BC’s reopening plans must address highly unequal pandemic impacts
As a successful vaccination campaign spurs broader reopening of BC’s economy, we are all feeling the excitement of a more relaxed summer. But in the rush to get back to a semblance of normal, it would be a huge mistake to return to the pre-pandemic status quo of undervaluing and underpaying the front-line caring and service work that enables the rest of our economy to function.
BC’s economic recovery has been slightly faster than in most other provinces and we are likely to see relatively strong job creation numbers this summer. However, the encouraging top-level statistics hide important inequalities that will become a roadblock to an inclusive recovery unless explicitly addressed.
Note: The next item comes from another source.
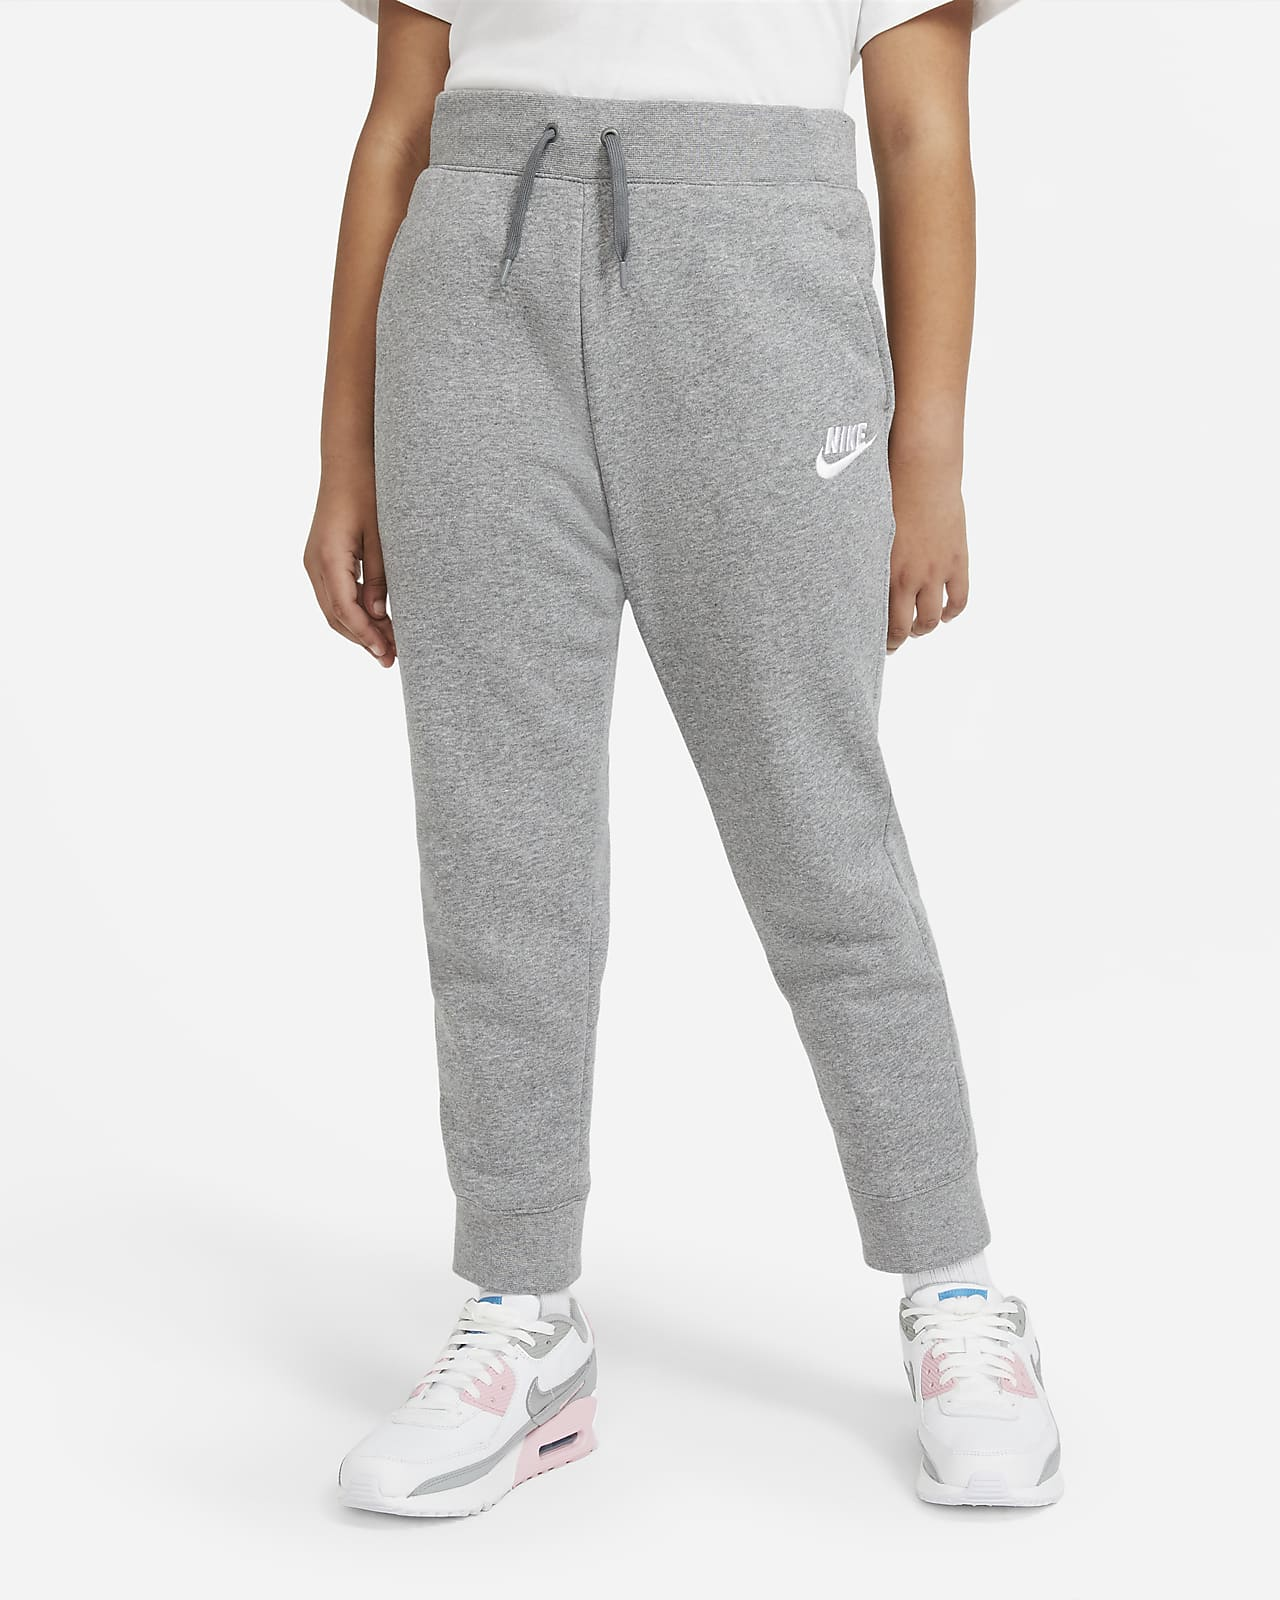 Nike Sportswear Hose für ältere Kinder (Mädchen) (große Größe)

Racialized communities continue to experience higher unemployment, are more likely to work in low-wage jobs with few if any benefits and face greater financial insecurity. Recent immigrants and Indigenous workers also see a much slower recovery as do workers aged 15 to 24, especially young women.
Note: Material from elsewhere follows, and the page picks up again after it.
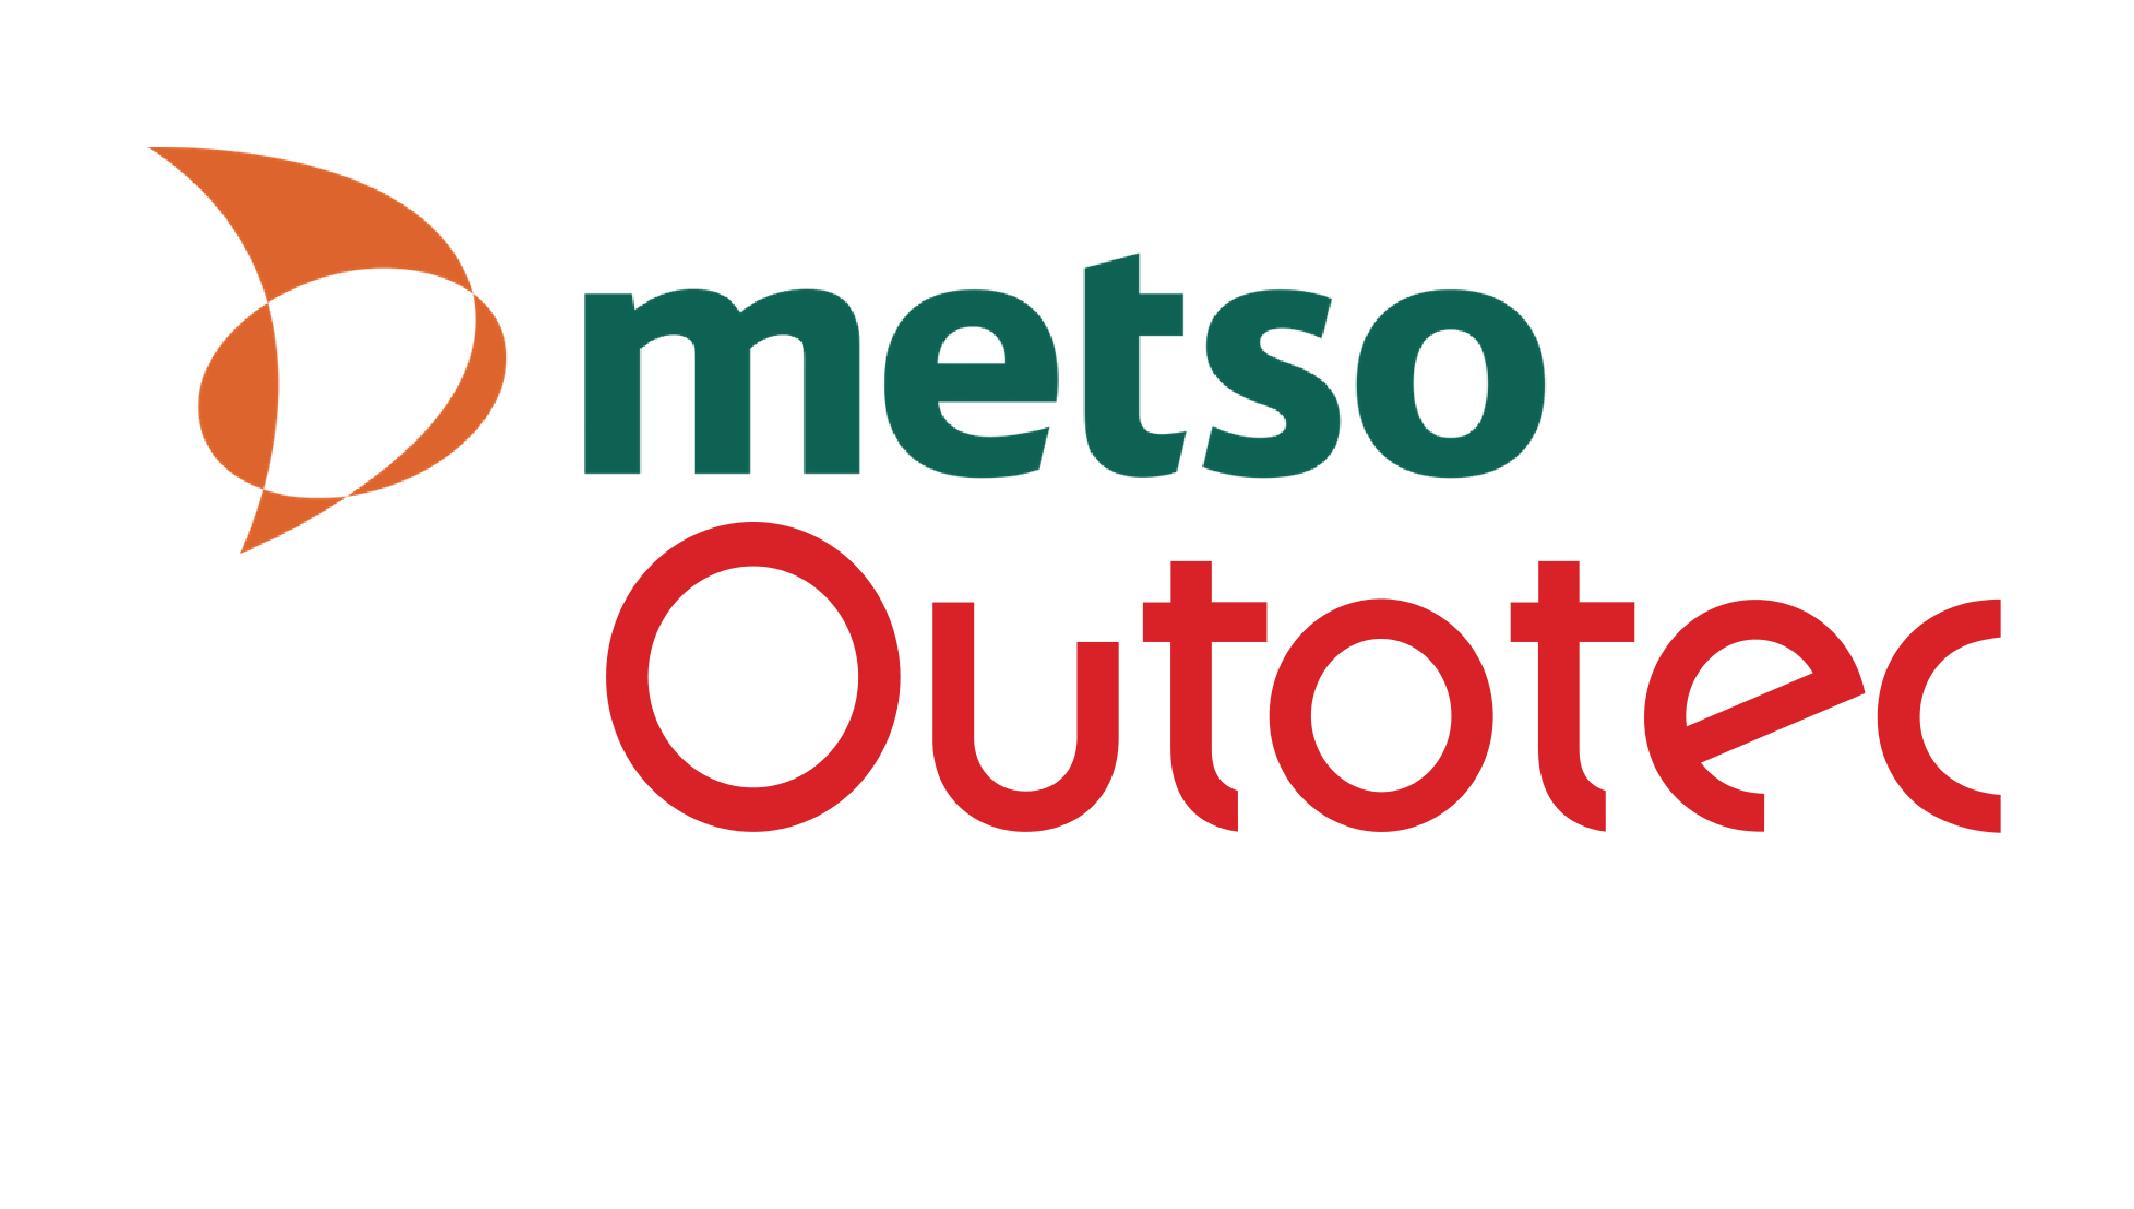 Metso Outotec

Now is a crucial time for governments and employers to lead a transition to an inclusive and just prosperity.
A report I’ve just published with the Canadian Centre for Policy Alternatives, Inequality, Employment and COVID-19, examines the ongoing impacts of COVID-19 on BC’s job market over the first full year of the pandemic and recommends policy measures for a more inclusive economy.
The encouraging top-level statistics hide important inequalities.
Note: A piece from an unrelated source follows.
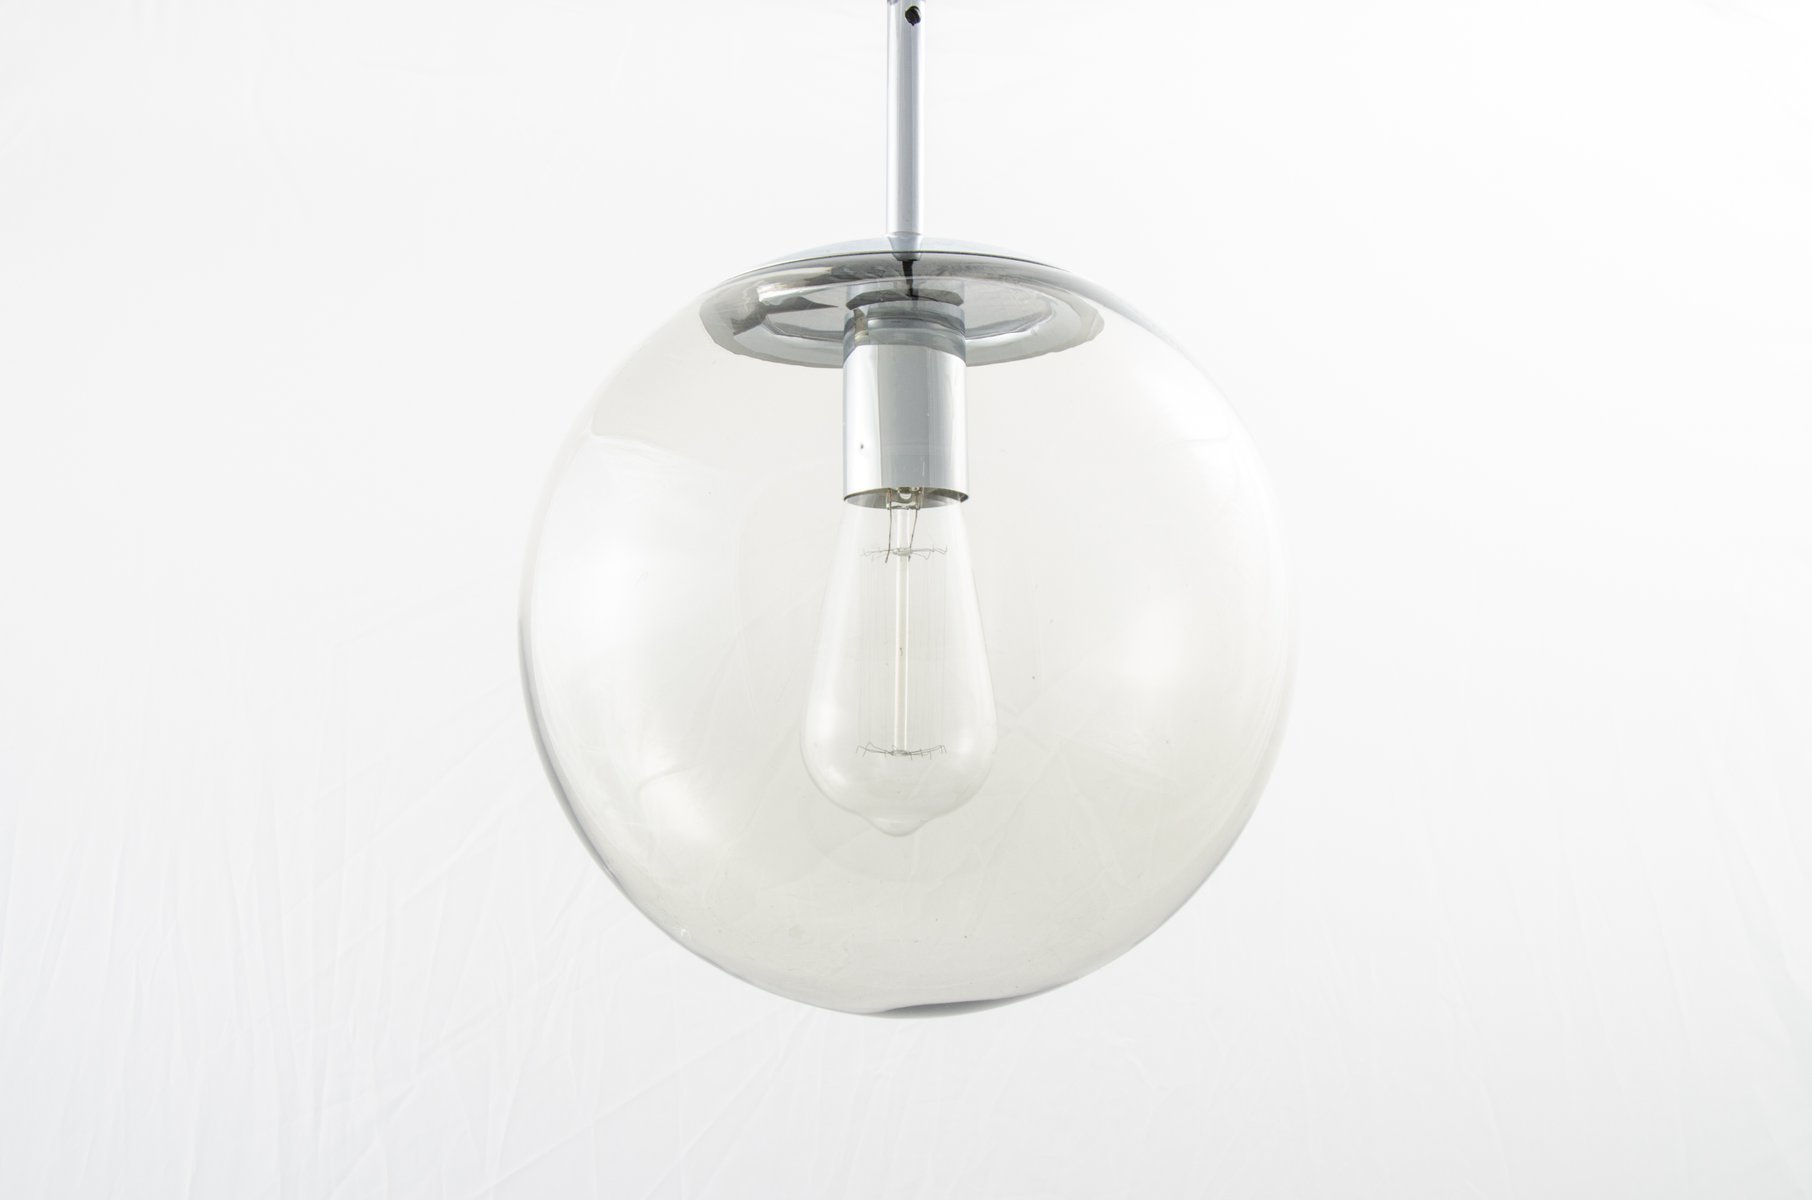 Kristal Lampen Amsterdam : Globus deckenlampe aus kristallglas von frank ligtelijn für raak

While COVID-19 created unprecedented disruption for everyone, what stands out are the pandemic’s highly unequal impacts on British Columbians depending on race, class and gender. Lower-paid workers in part-time, temporary, more precarious jobs were more likely to lose their jobs or majority of hours in the early days of the pandemic and have seen a slower recovery. Female, Indigenous and racialized workers are more likely to be employed in low-wage jobs than their white or male peers and were more severely impacted. These workers also bore the brunt of the pandemic impacts in another important way—they were more likely to be among those putting their health at risk in essential jobs on the front lines.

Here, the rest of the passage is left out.